THE NEW ETHICS OF AMBIGUITY
(part 1 of an impossible to complete whole / hole)
1. Harold Brodkey (dead) writes that love and ambition are necessary for life. He is correct. Those times when you’re down, weepy, unable to discern why you feel the way you do—is it a broken heart, unquenched desire, loneliness or is it the life’s positioning, potential unfulfilled, trajectories uncertain?—the confusion comes because the sadness and ache is rooted in the synthesis of these fixations, these most important fixations. Thus when one falls out (say love), the other (ambition) falters, fissures form, sadness creeps in.
2. To label yourself is a form of self annihilation akin to suicide. The moment you’re reduced to a term, you’ve stopped living, stopped being everything you are that denies that term.
3. Sexuality is a set of personal aesthetics manifested in contemporary attitudes (as in posturing) of gender.

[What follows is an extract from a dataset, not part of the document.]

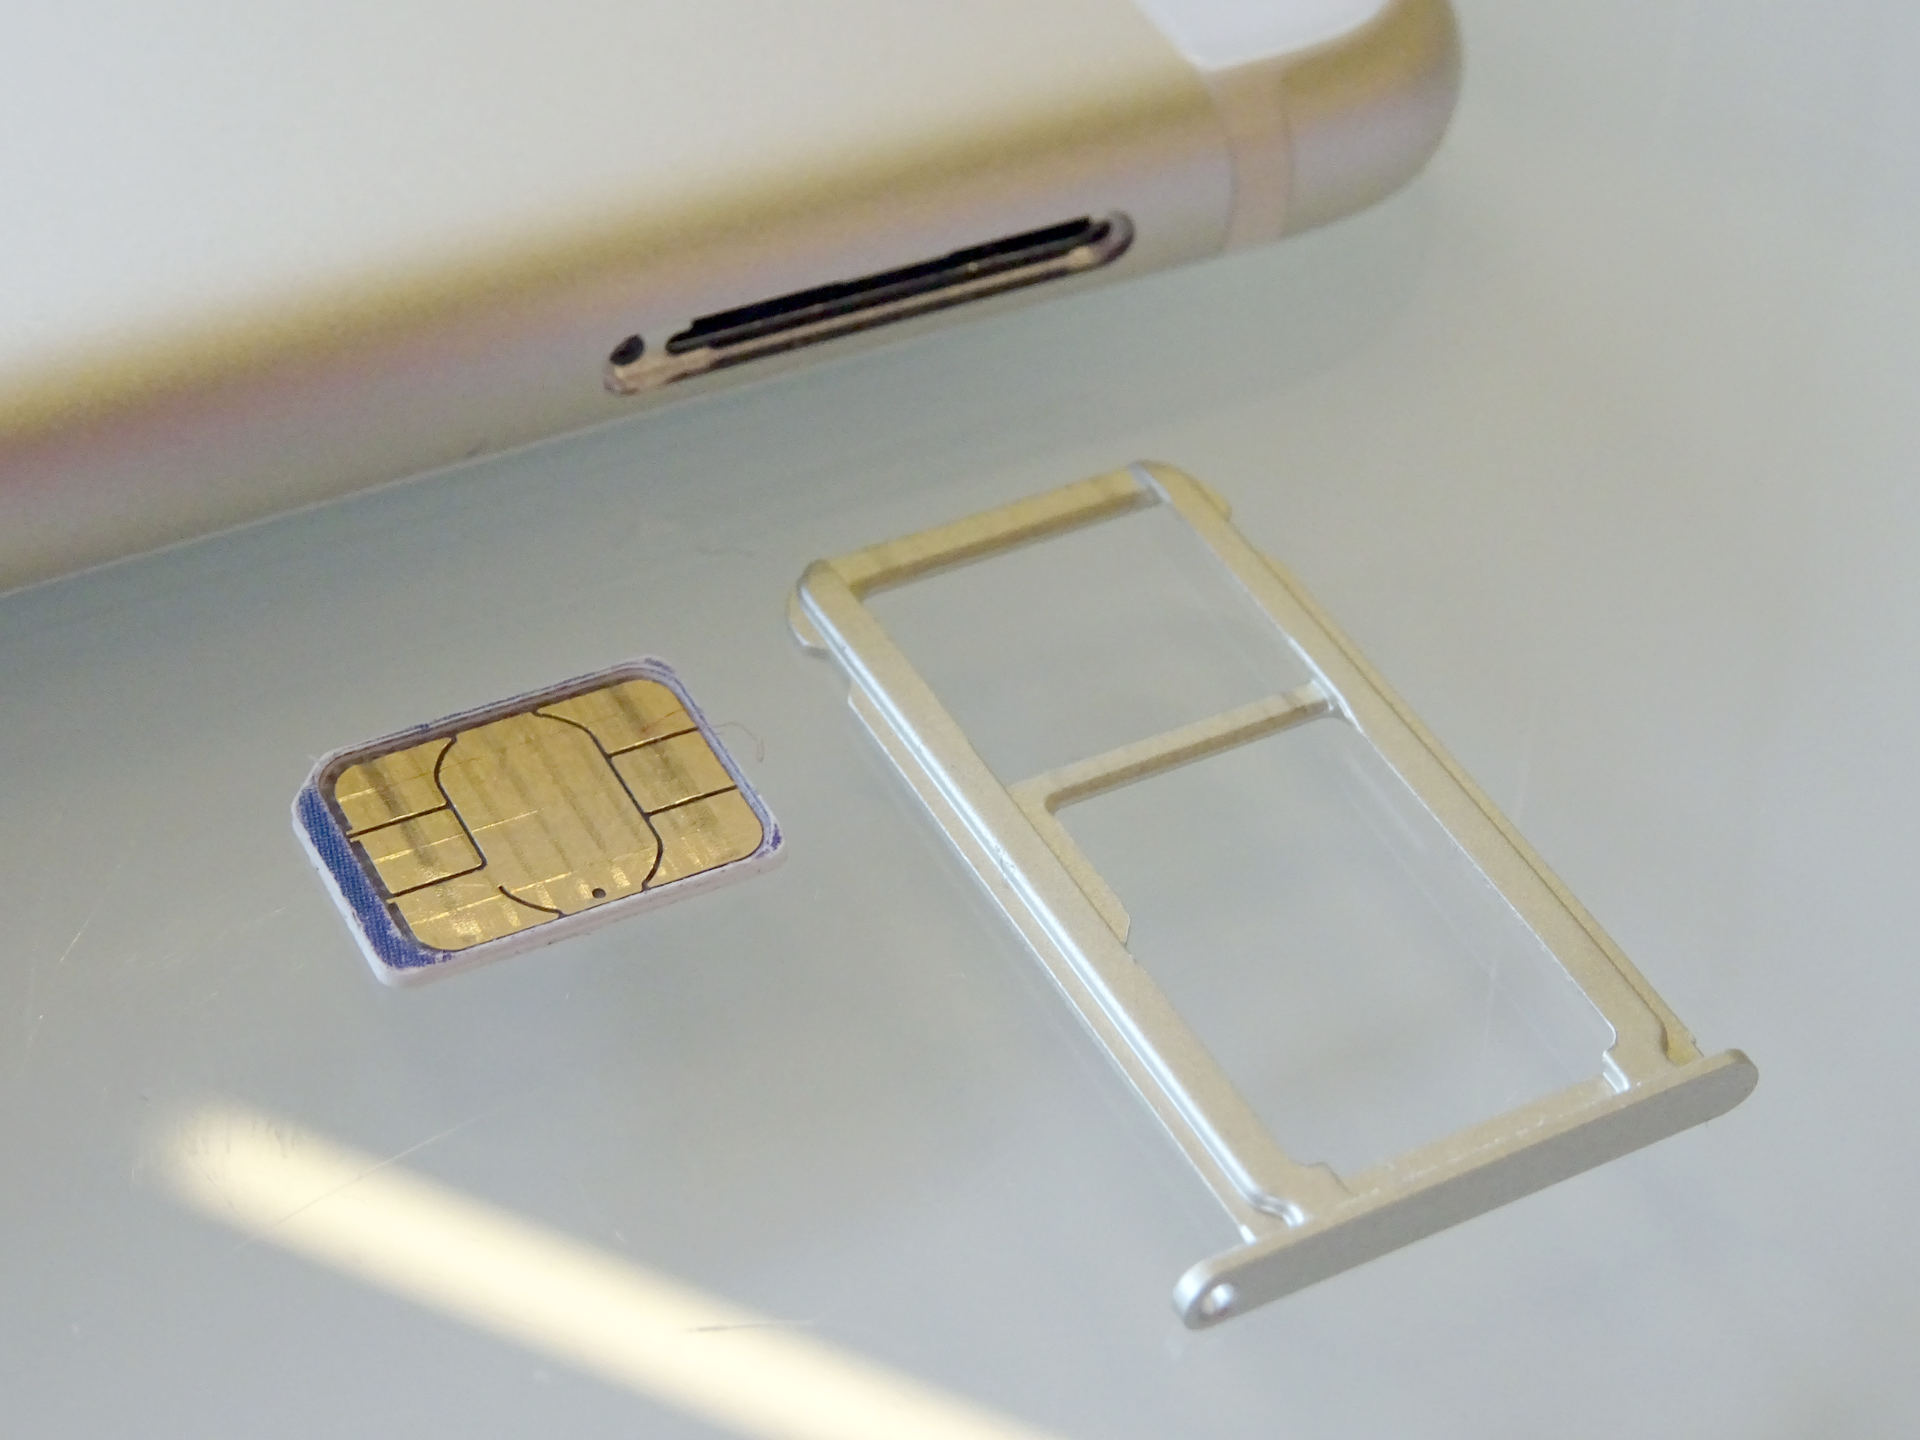 Huawei เตรียมเปิดตัวการ์ดความจำแบบใหม่อย่าง nanoSD คาด นำมาใช้กับ Mate 20 ราคาแรงกว่า microSD แบบเดิมๆ
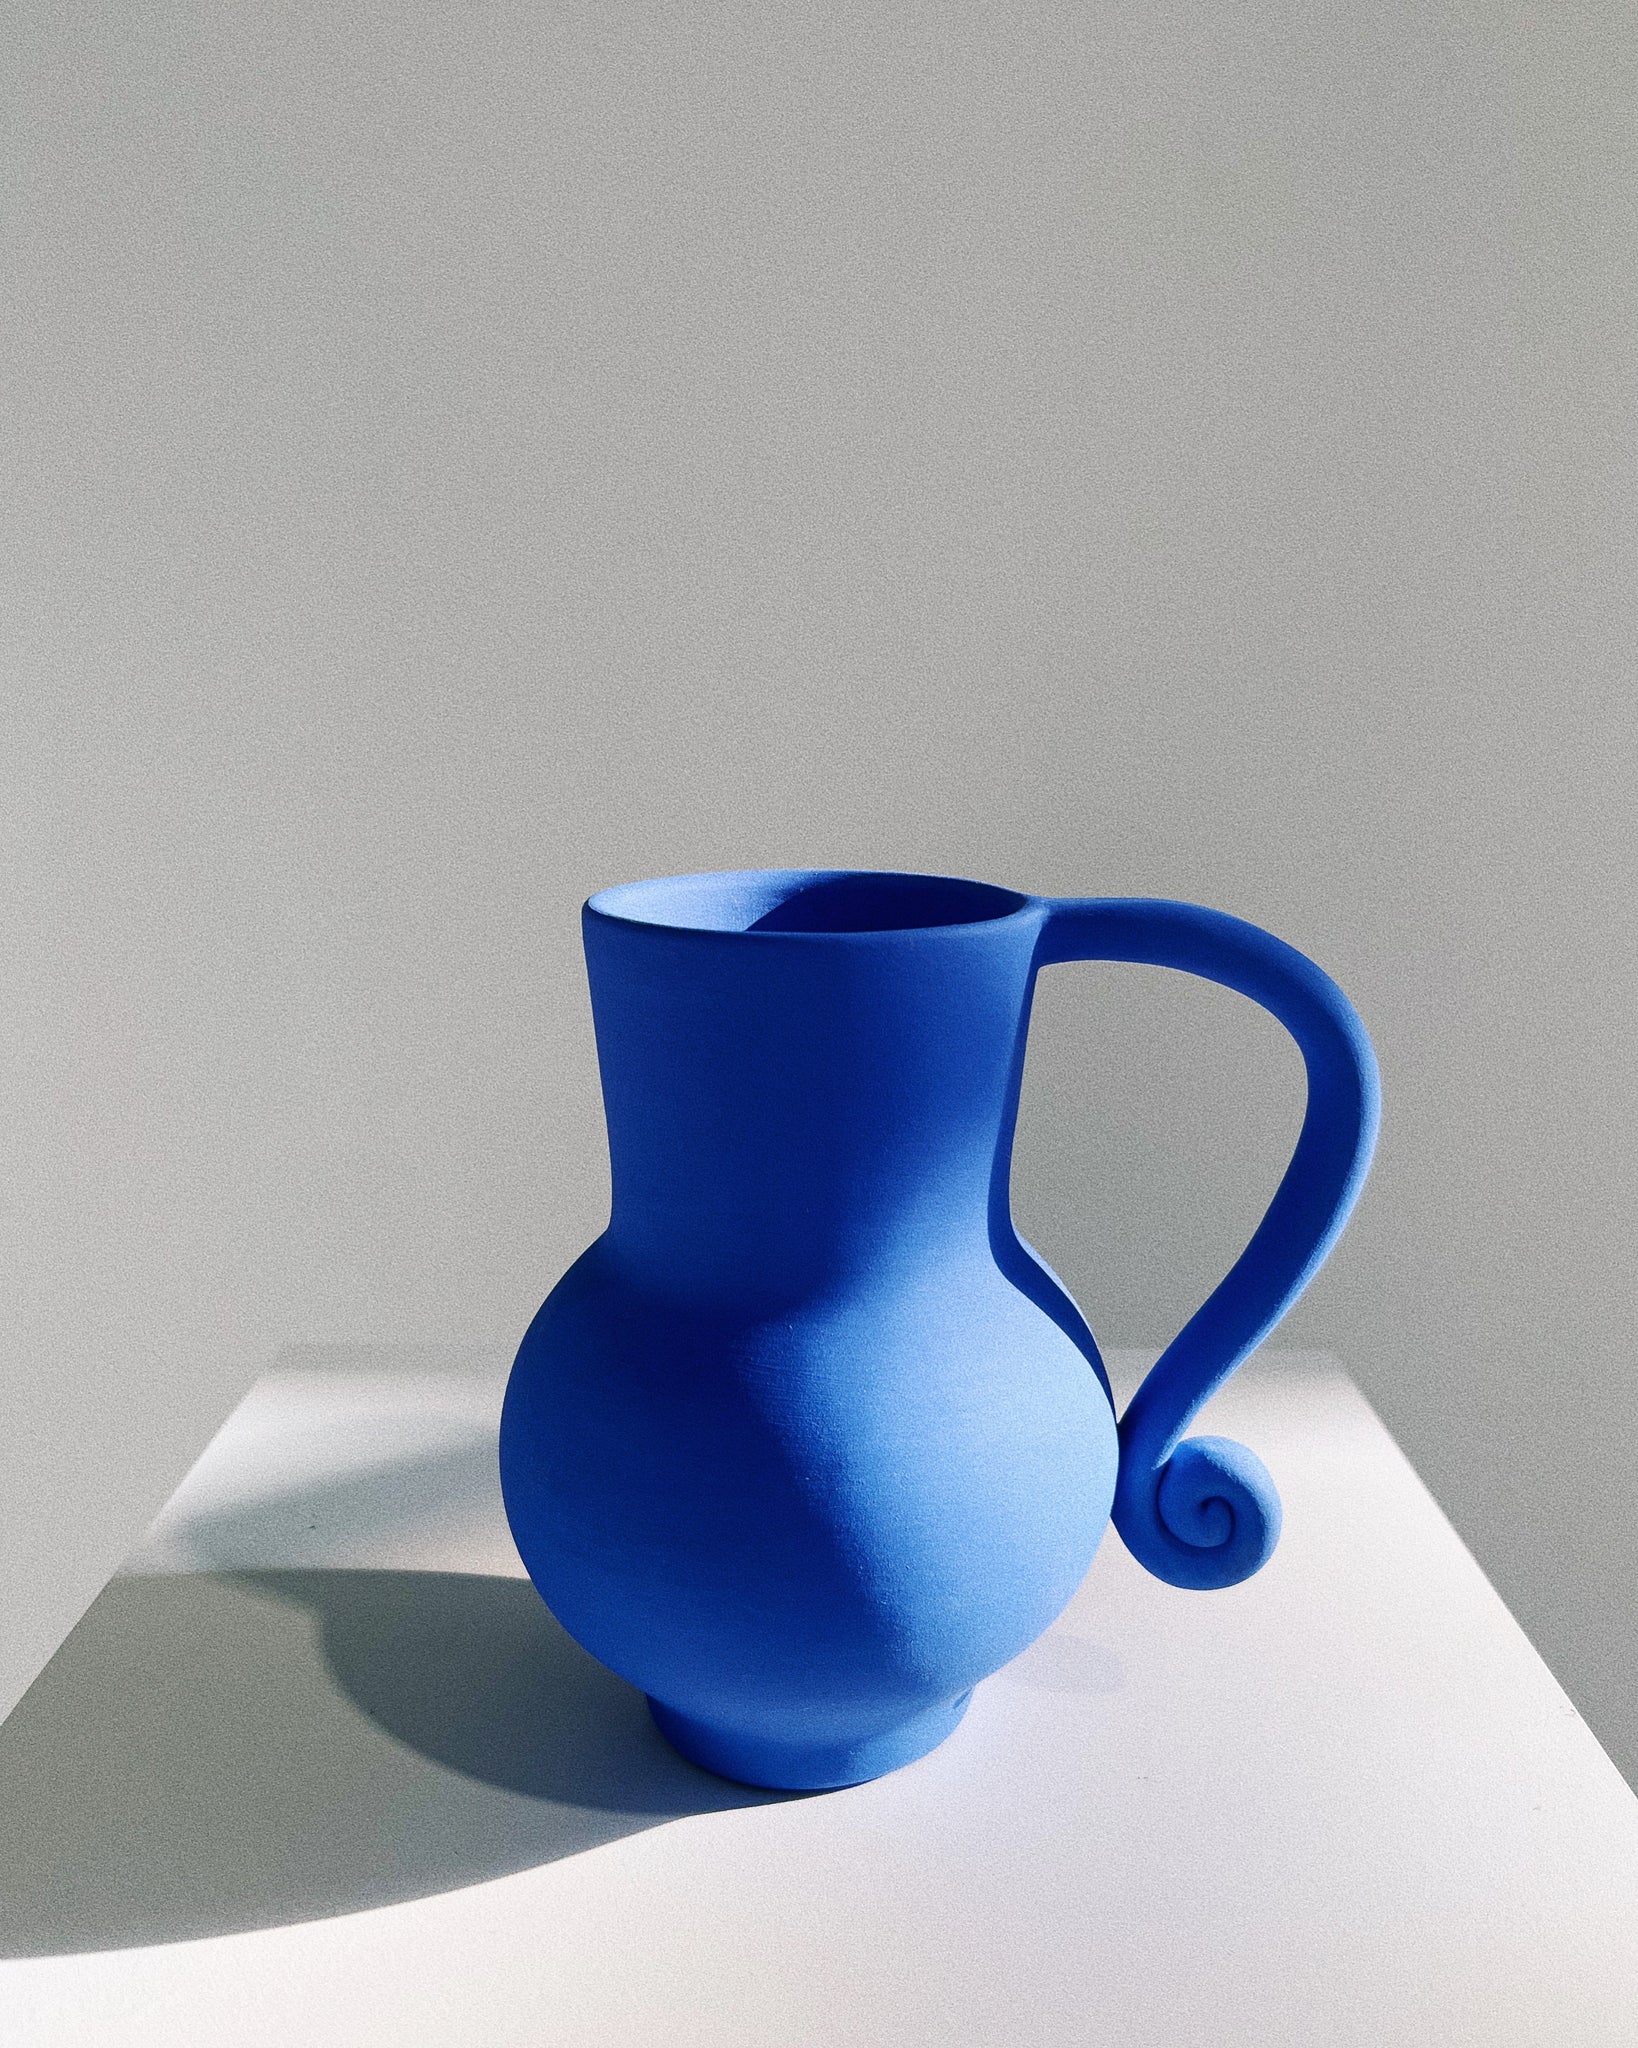 Vase - Matisse Blue

4. Morality should be rooted in memory, learned experience, rather than law or dogmas. Remember how it felt when your lover just stopped calling you? Don’t impose that feeling on someone else. Simple.
5. No one has an innate ambition. What we strive for has as much to do with who we are as it has to do with outside forces telling us who we should be, what we should achieve, what we’re good at. The idea of ambition reveals the porousness of identity. Like sexuality, ambition or what we choose as our ambition, is aesthetic.
6. Good intentions (whatever they are) mean nothing when pitted against actions.
7. Ignorance is not bliss. You are responsible for understanding your complicit nature, how your decadent life effects others, on whose backs, through what bloodshed. Read into the hurricanes assaulting Florida. True metaphors. Plagues agitating the deceit and mire swept under the rug (so to speak). Nature moaning, twitching for her well-deserved retribution.
8. Love is denial.
Feel free, readers, to engage with any or all of these points. Since they are ethics of ambiguity, they’re open for discussion, evisceration. The editor has adjusted Ambigutrex's settings to allow anyone to make comments... so please do if you'd like to.
2 Comments:
But is Brodkey a monogamist? Is this great transcendent love limited to a single soullmate? What happens to Eros when we commit to this glorious transcendent love?
Herculodge
Brodkey's love is open ended... it can refer to friendship or romance. Monogomy is an absolute and Brodkey and myself abhor the realm of absolutes. So no, I doubt this man who died of AIDS was much of a monogomist. His aphorism is brief and vague for a reason... so we can attribute to it what we will. Love and ambition. The stuff. The stuff.